Music preservation -- An article in Thursday's Section A about an expert on the golden era of American song who seeks to preserve artifacts of that period referred to the score for Judy Garland's "Somewhere Over the Rainbow" from "The Wizard of Oz." The name of the song is "Over the Rainbow."
"They destroyed unique and irreplaceable works of famous composers, arrangers and lyricists," said Feinstein, 48, an internationally known recording artist. He is also an expert on the golden era of American song, from the 1920s through the 1950s.
"The MGM story is just one example of music that's vanishing all the time," he added. "We're talking about a unique piece of our cultural history, and for me it's like a death in the family every time we learn that something else has disappeared."

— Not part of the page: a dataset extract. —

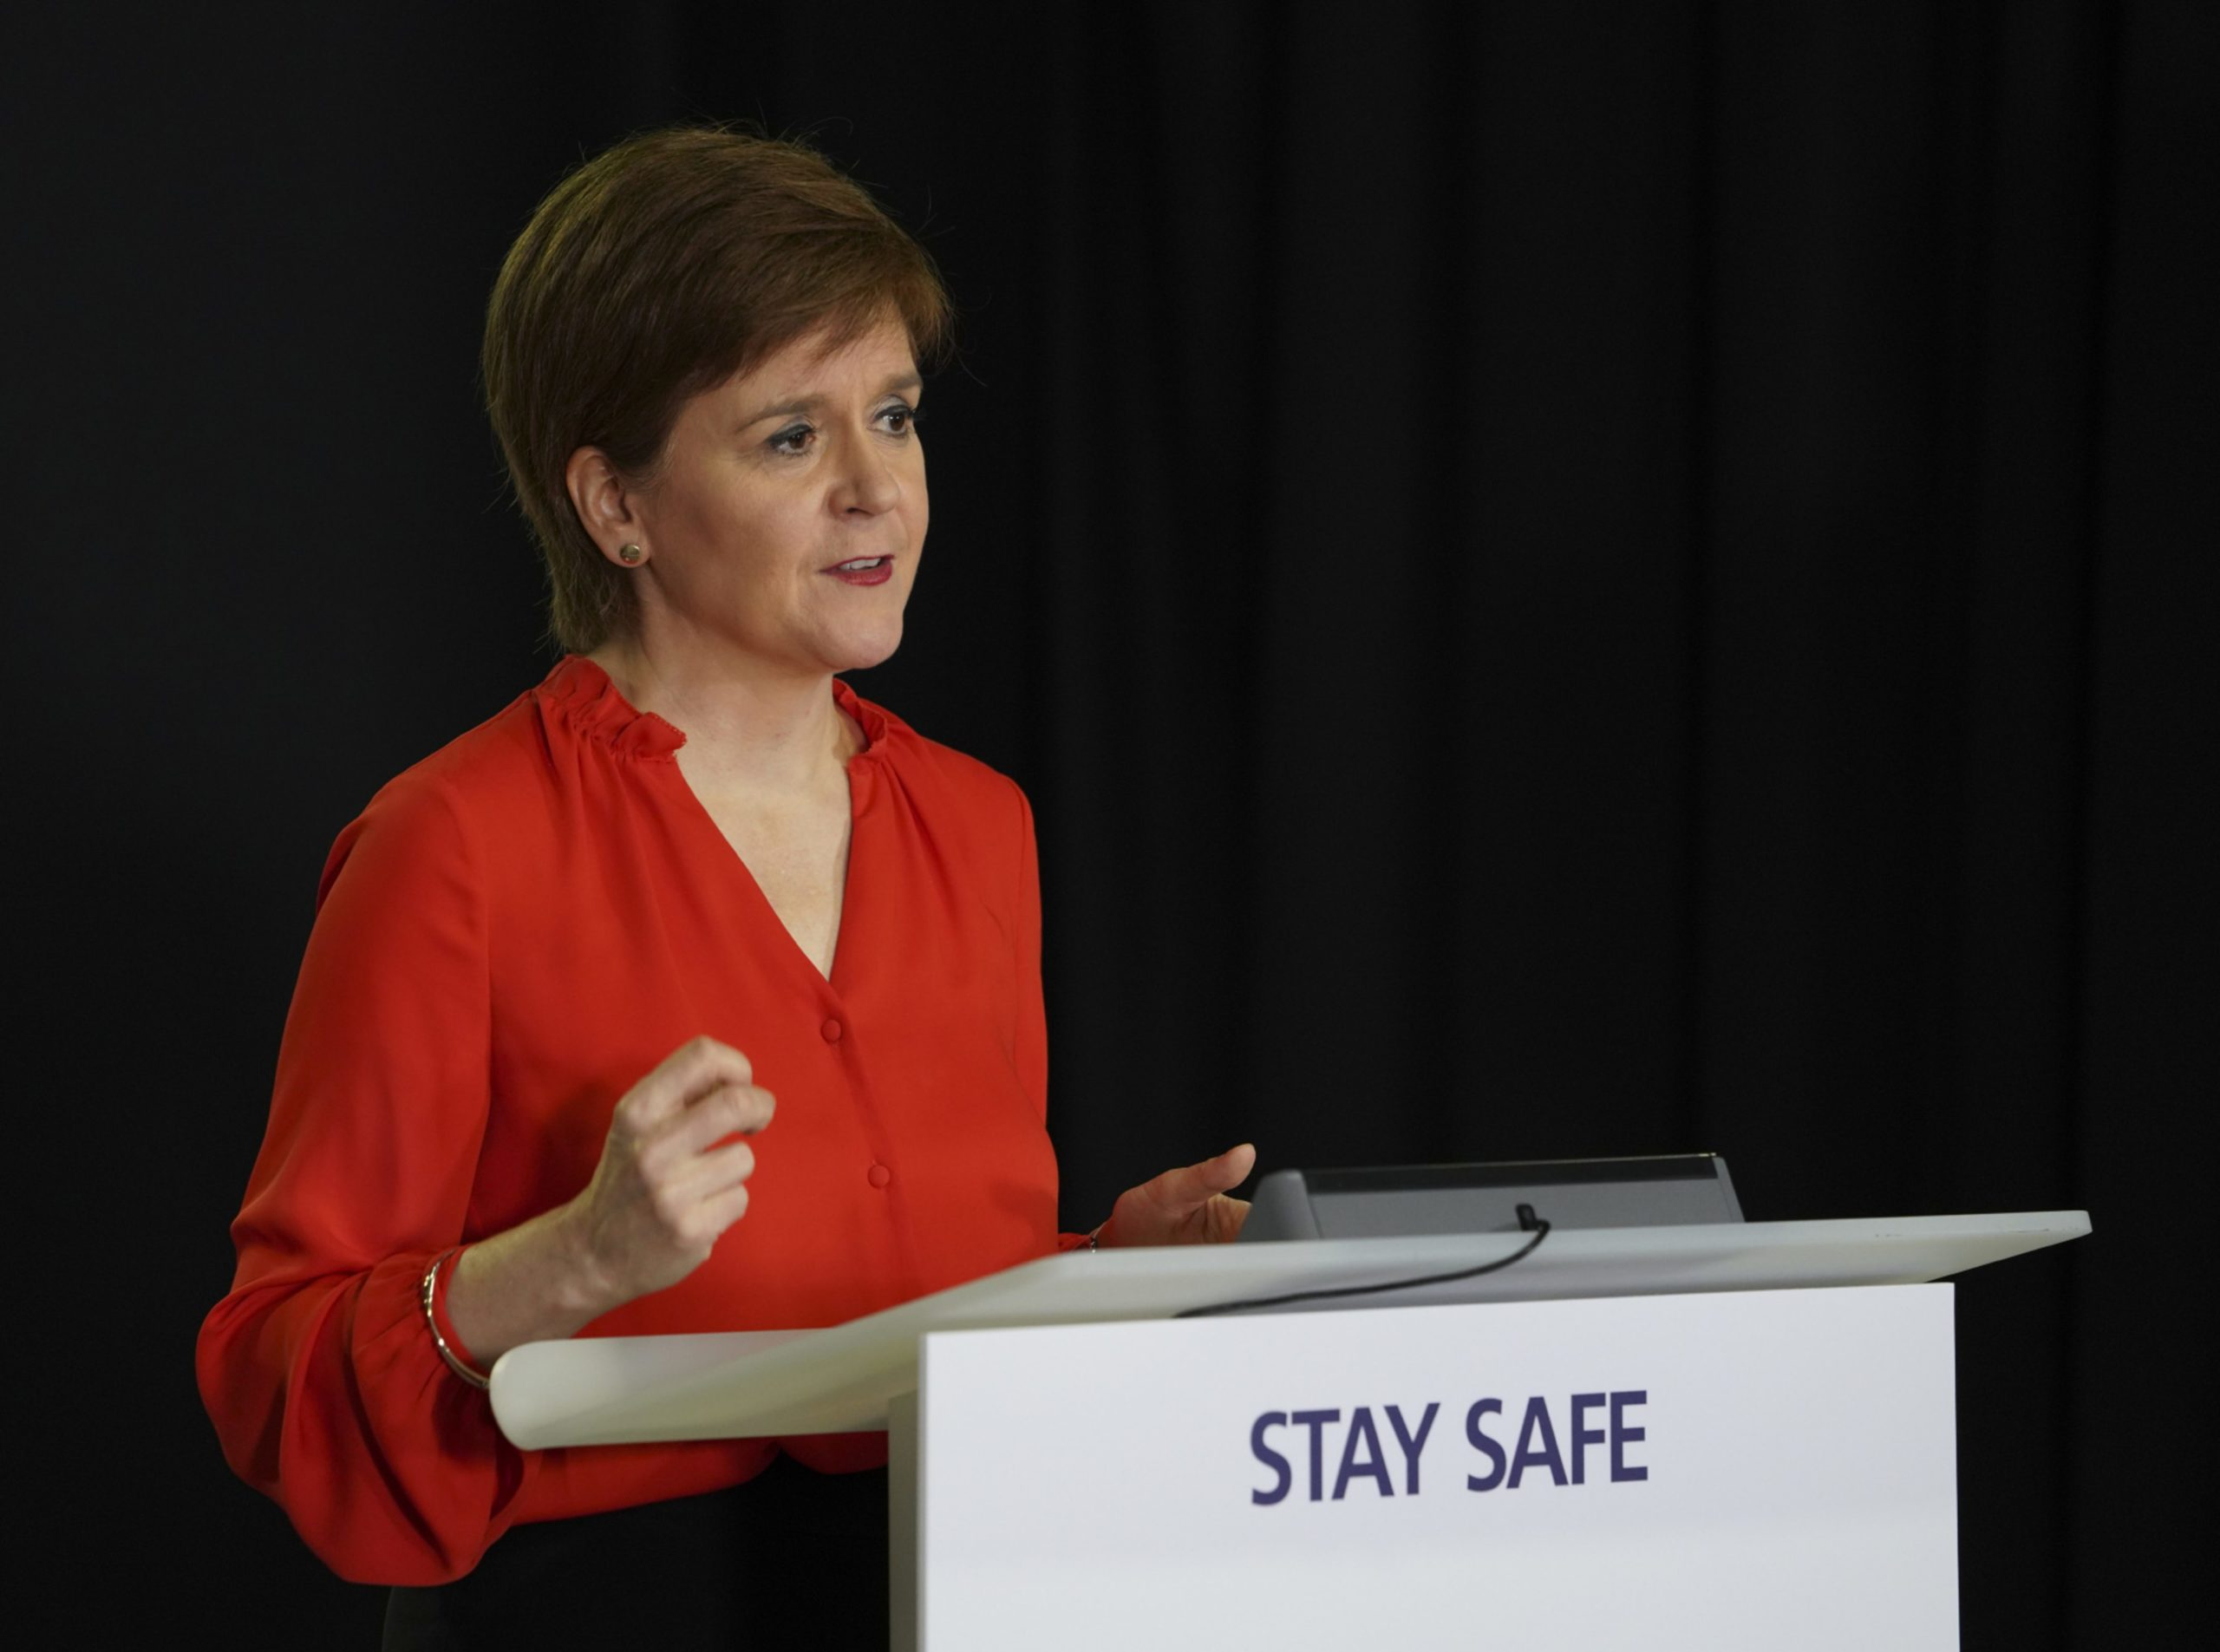 Nicola Sturgeon addressed exam results at her daily briefing in Edinburgh.
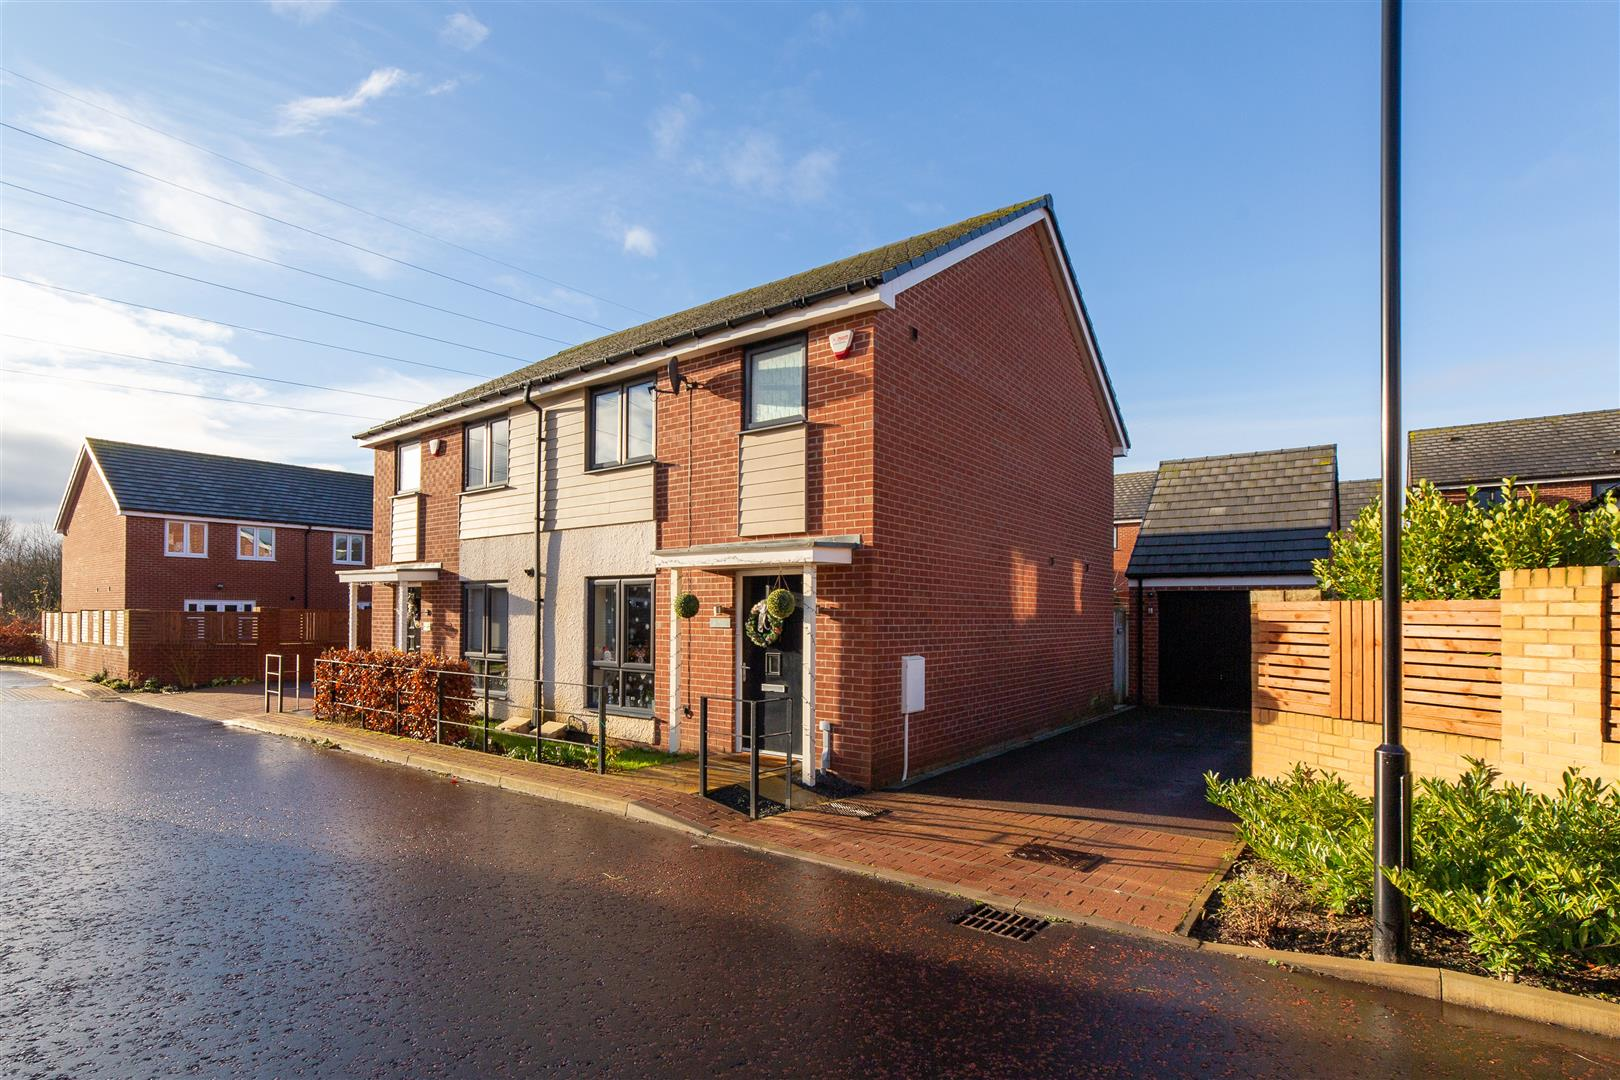 3 bed semi-detached house to rent in Newcastle Upon Tyne, NE13 9DE, NE13

Feinstein has built his career around America's classic pop songs. He has recorded more than 20 albums featuring the works of composers such as Gershwin, Porter and Irving Berlin, and he plays more than 140 dates a year, from Carnegie Hall to the Hollywood Bowl. He opened a New York cabaret, Feinstein's at the Regency, in 1999, and until recently had a similar nightclub in Los Angeles.
But Feinstein is more than an entertainer. He is also a musical detective -- a man on the prowl for original scores, recordings and sheet music at garage sales and auctions, in secondhand stores and the libraries of film and record studios.
His mission isn't simply to collect, but to preserve. And it sometimes feels like a race against time. He and like-minded preservationists on both coasts worry that hundreds of songs by some of America's most famous composers have disappeared.
Sheet music has been lost or stolen from archives across the nation. When original scores vanish, as in the MGM dump, conductors who wish to perform these classic soundtracks must re-create them, note for note, from original recordings.